• INSTRUCTIONS TO FOLLOW:
In the material below, find the line containing "Mobile Social Video" and the line containing "Fur Face Boy 4.0 T-Shirt Collection Series 1". Output those two lines and all lines between them exactly, without pictures.

• TASK MATERIAL:

···

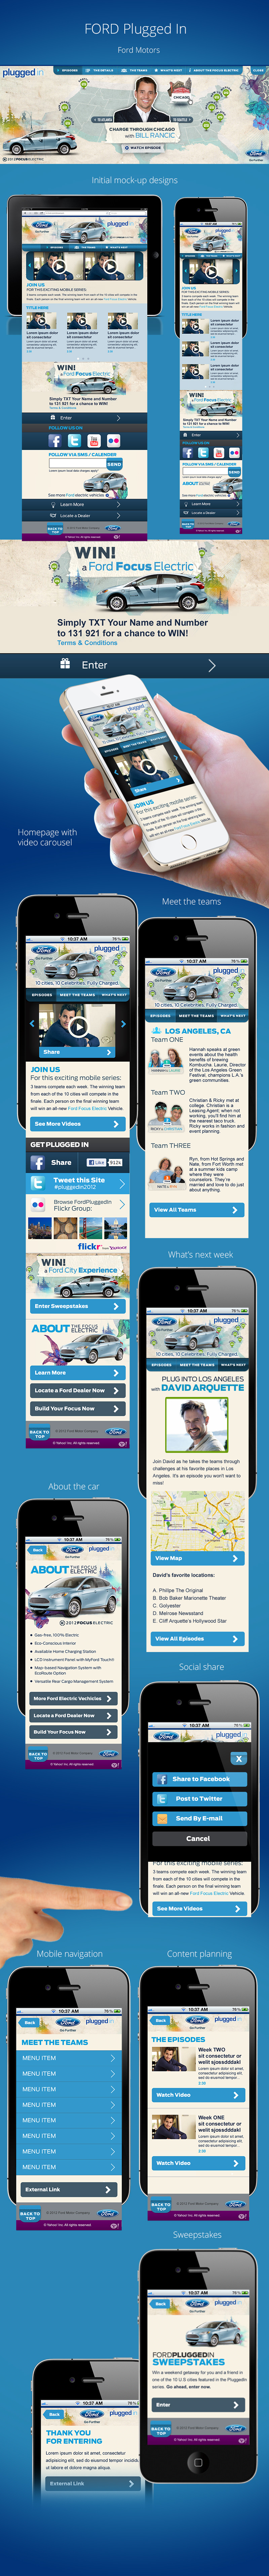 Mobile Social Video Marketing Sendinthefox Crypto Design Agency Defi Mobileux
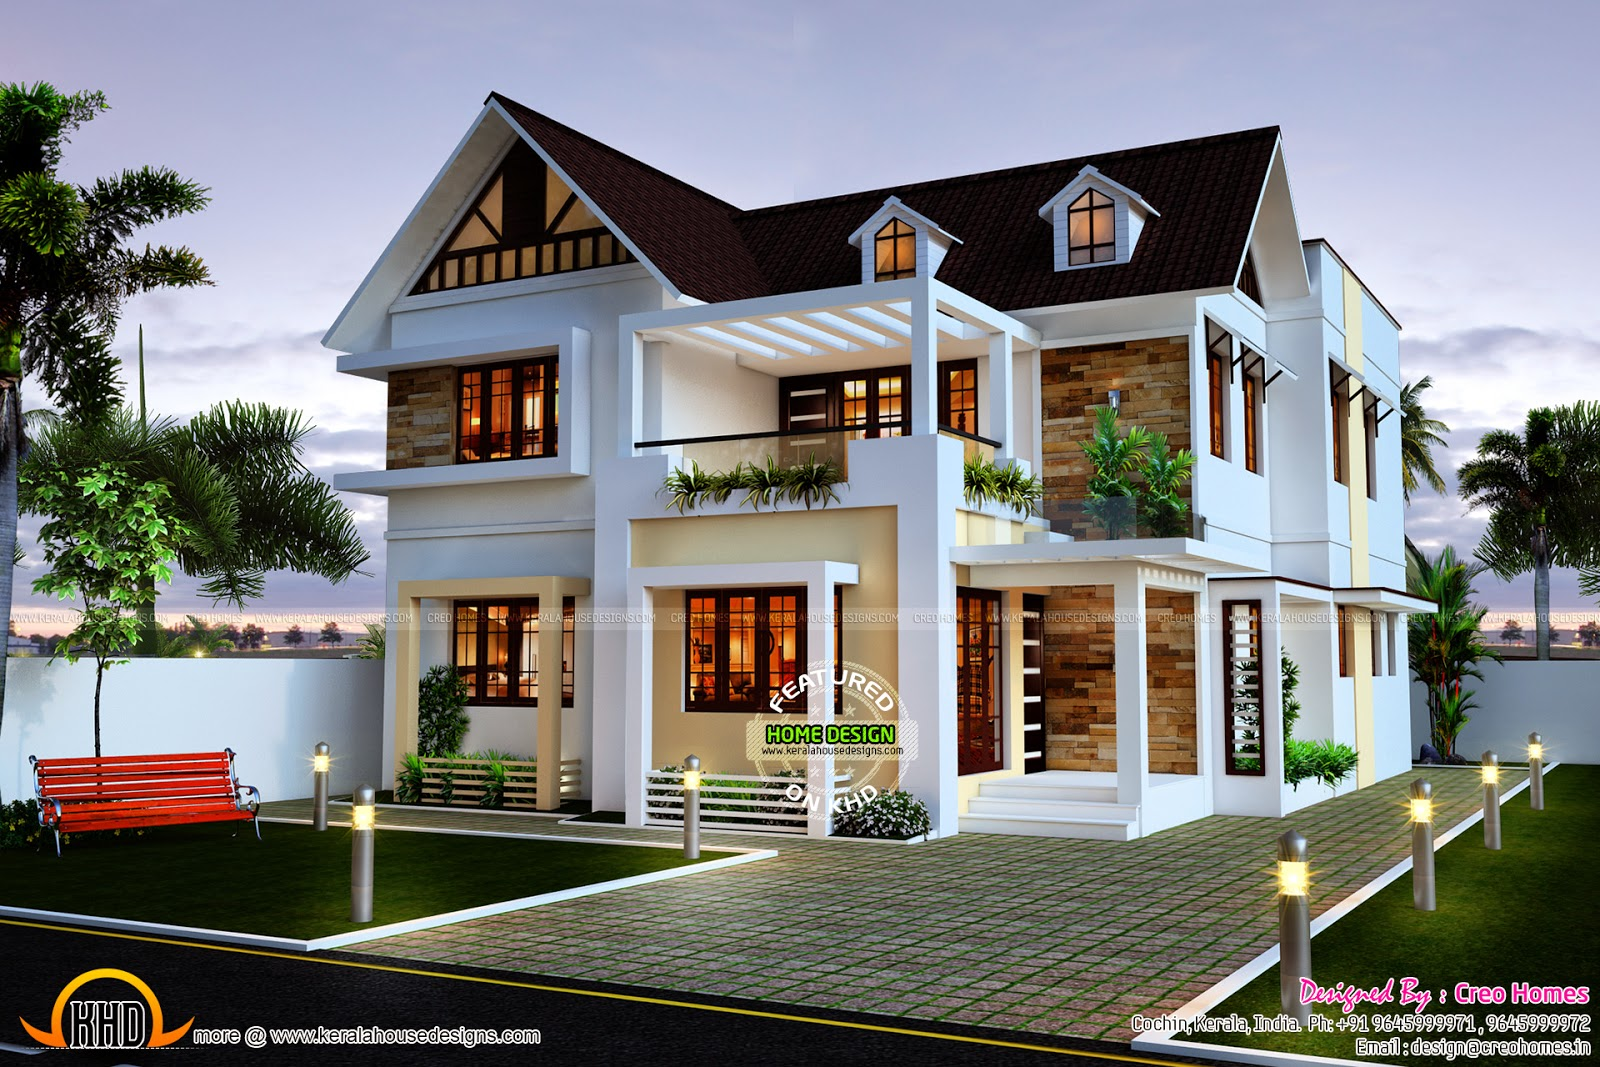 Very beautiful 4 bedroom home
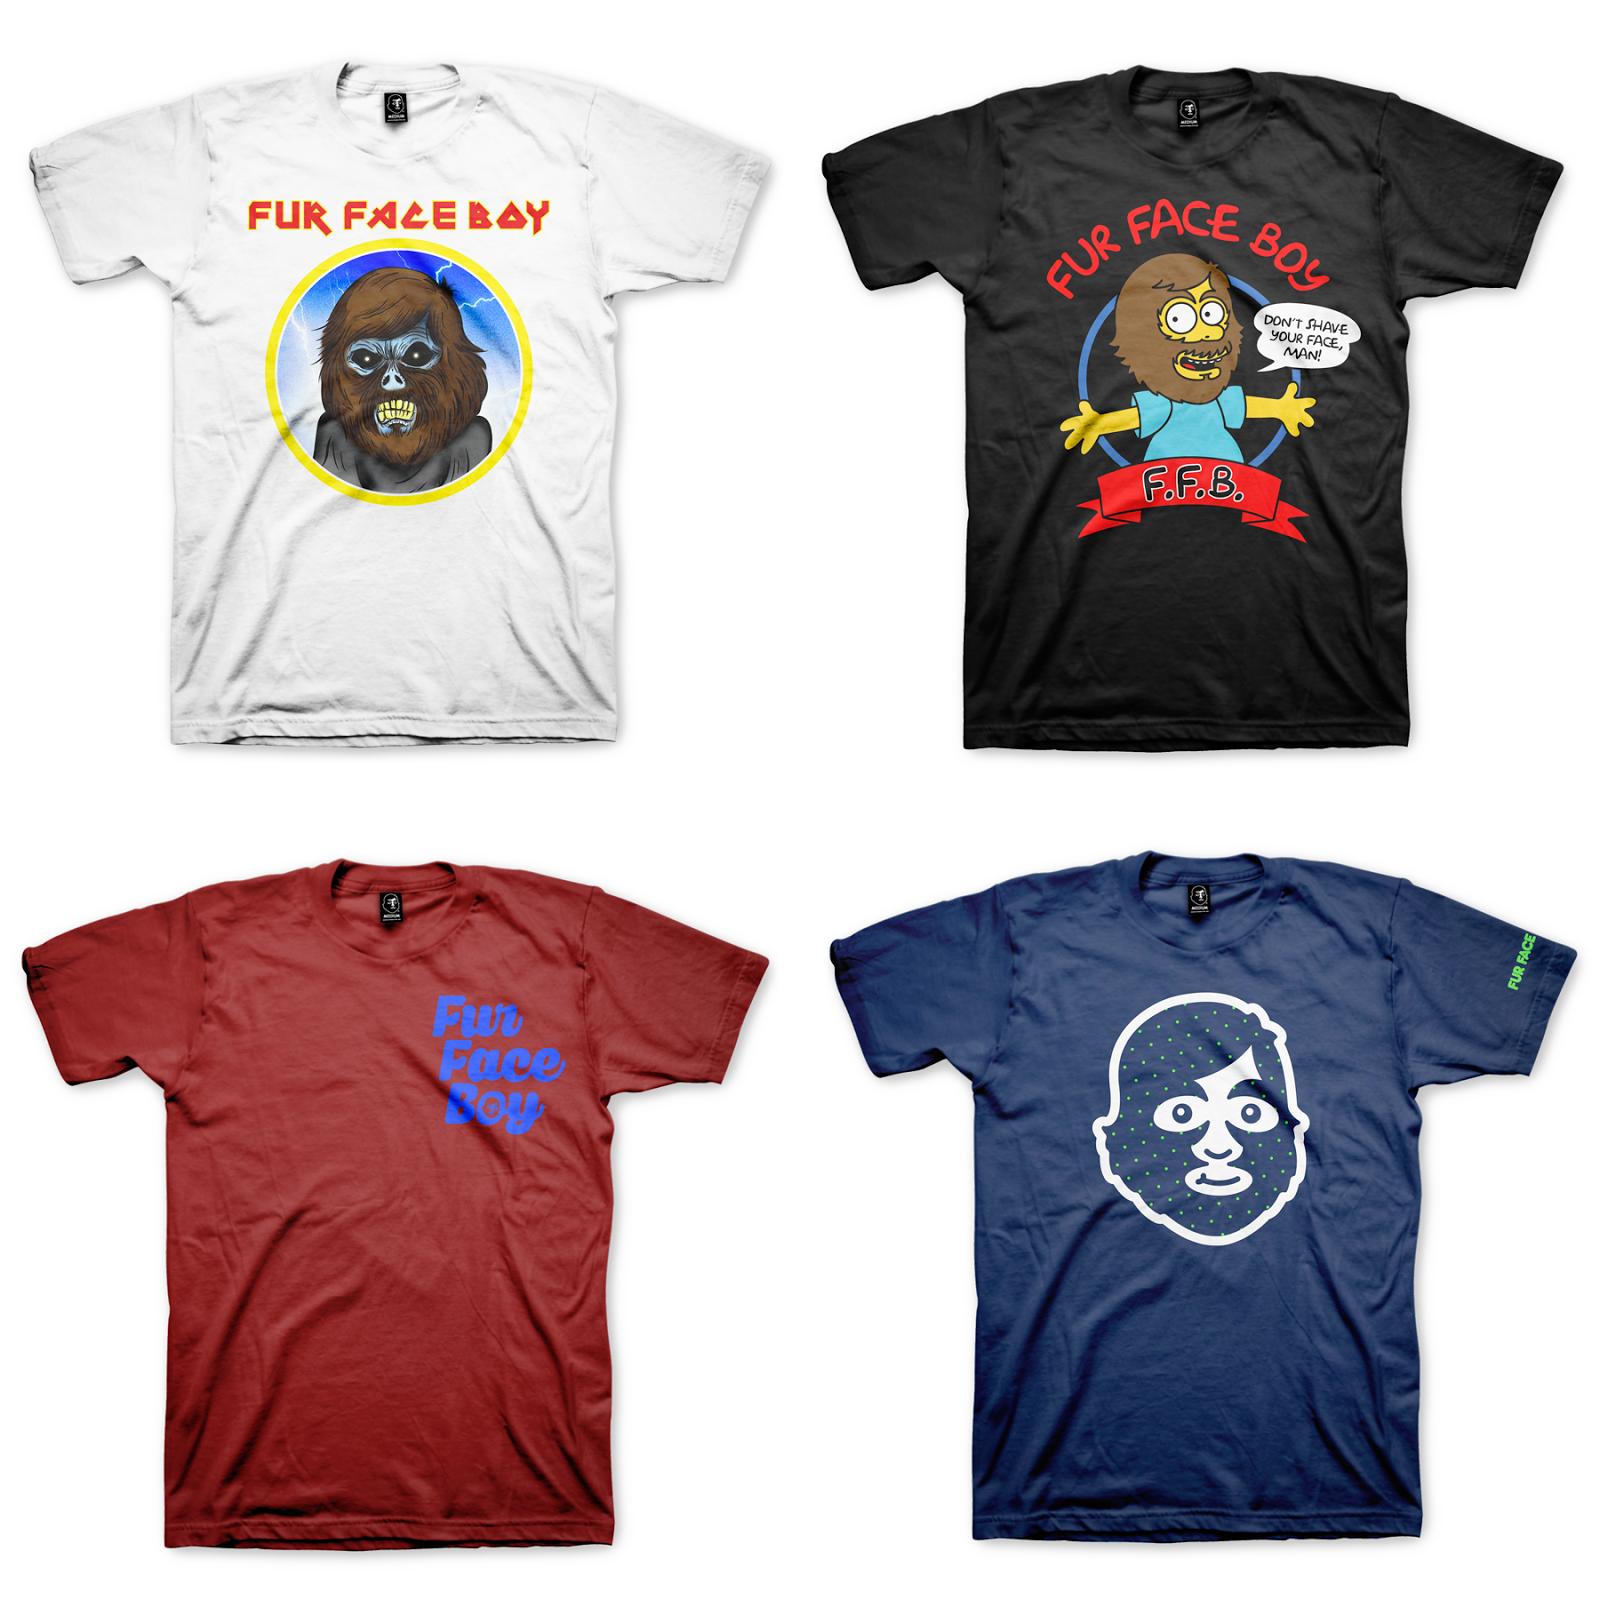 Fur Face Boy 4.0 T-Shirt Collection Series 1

···

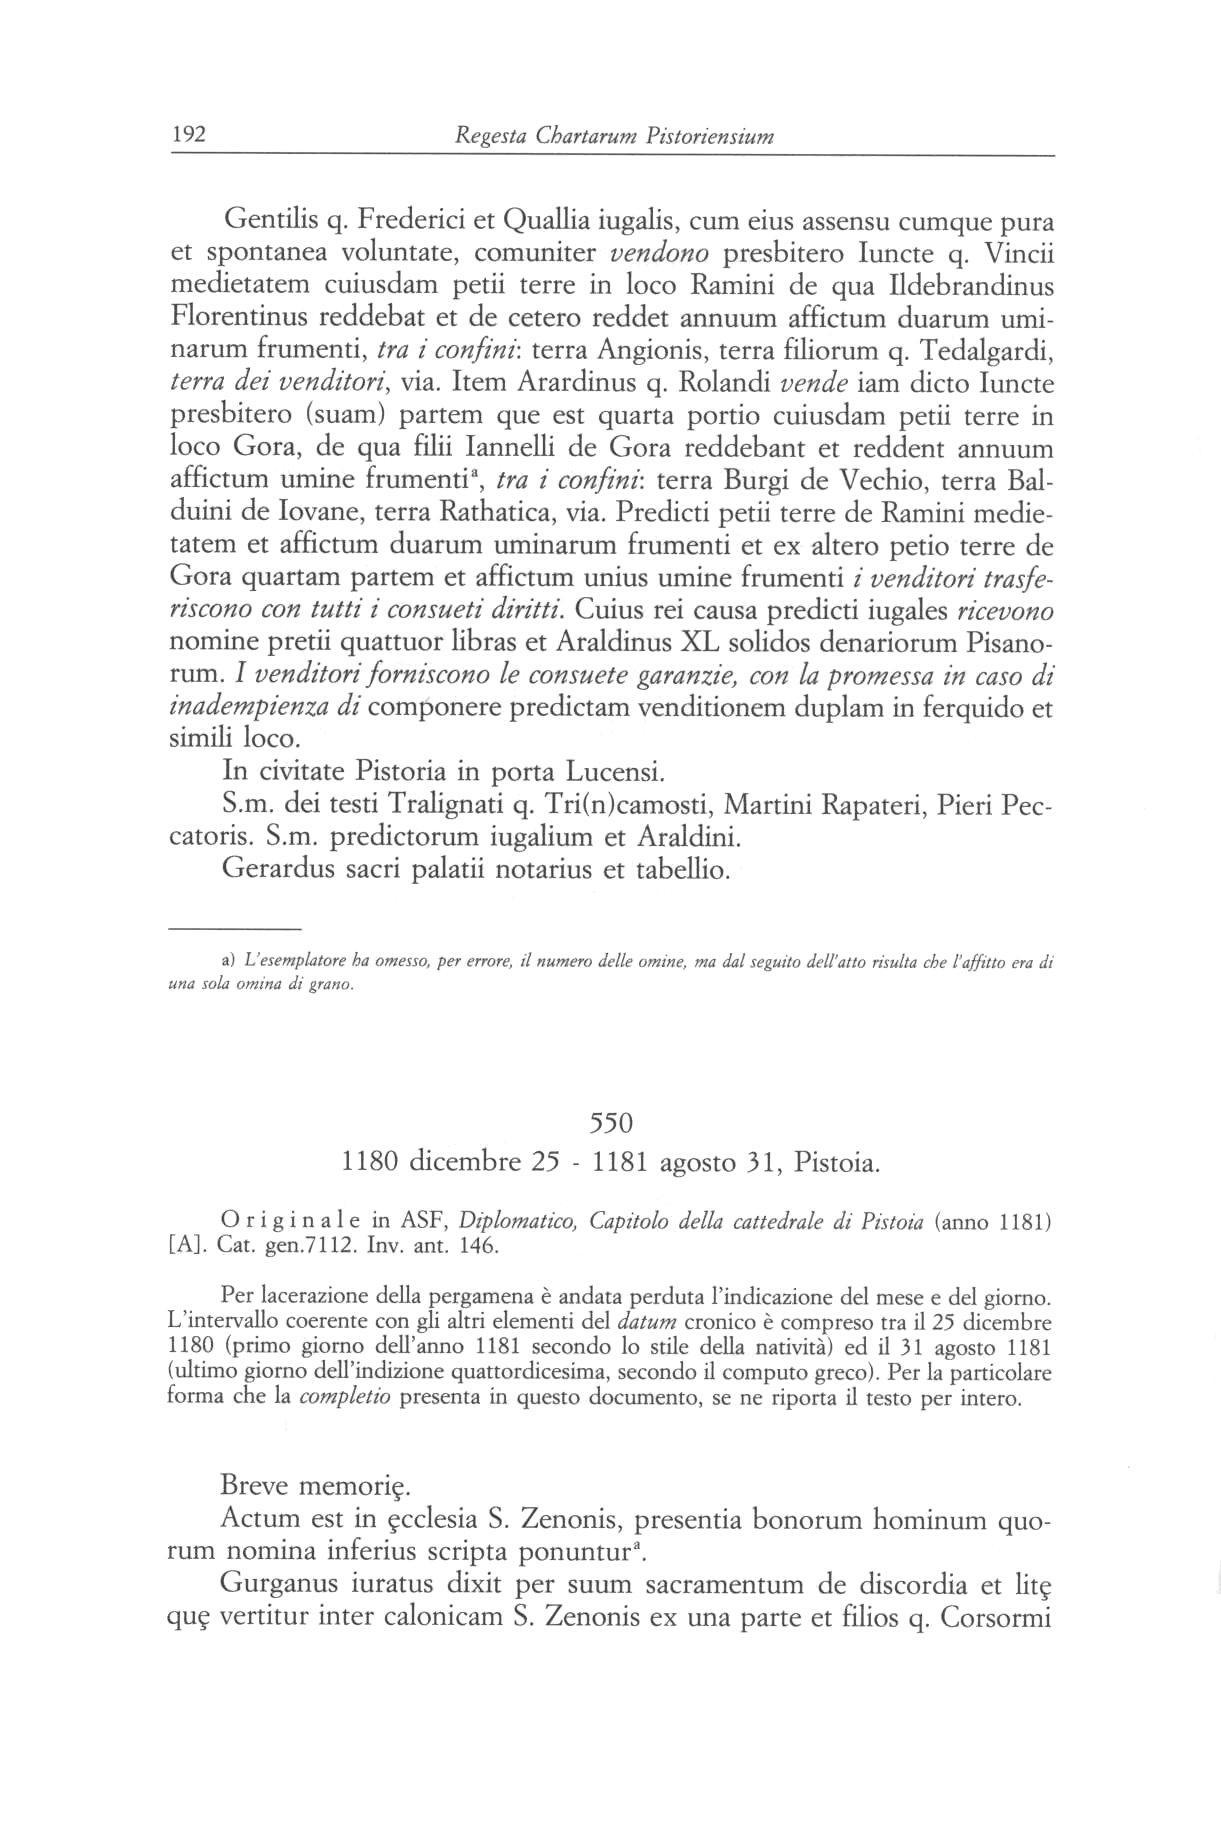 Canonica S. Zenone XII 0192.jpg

···

• EXERCISE RESULT:
 Mobile Social Video Marketing Sendinthefox Crypto Design Agency Defi Mobileux
 Very beautiful 4 bedroom home
 Fur Face Boy 4.0 T-Shirt Collection Series 1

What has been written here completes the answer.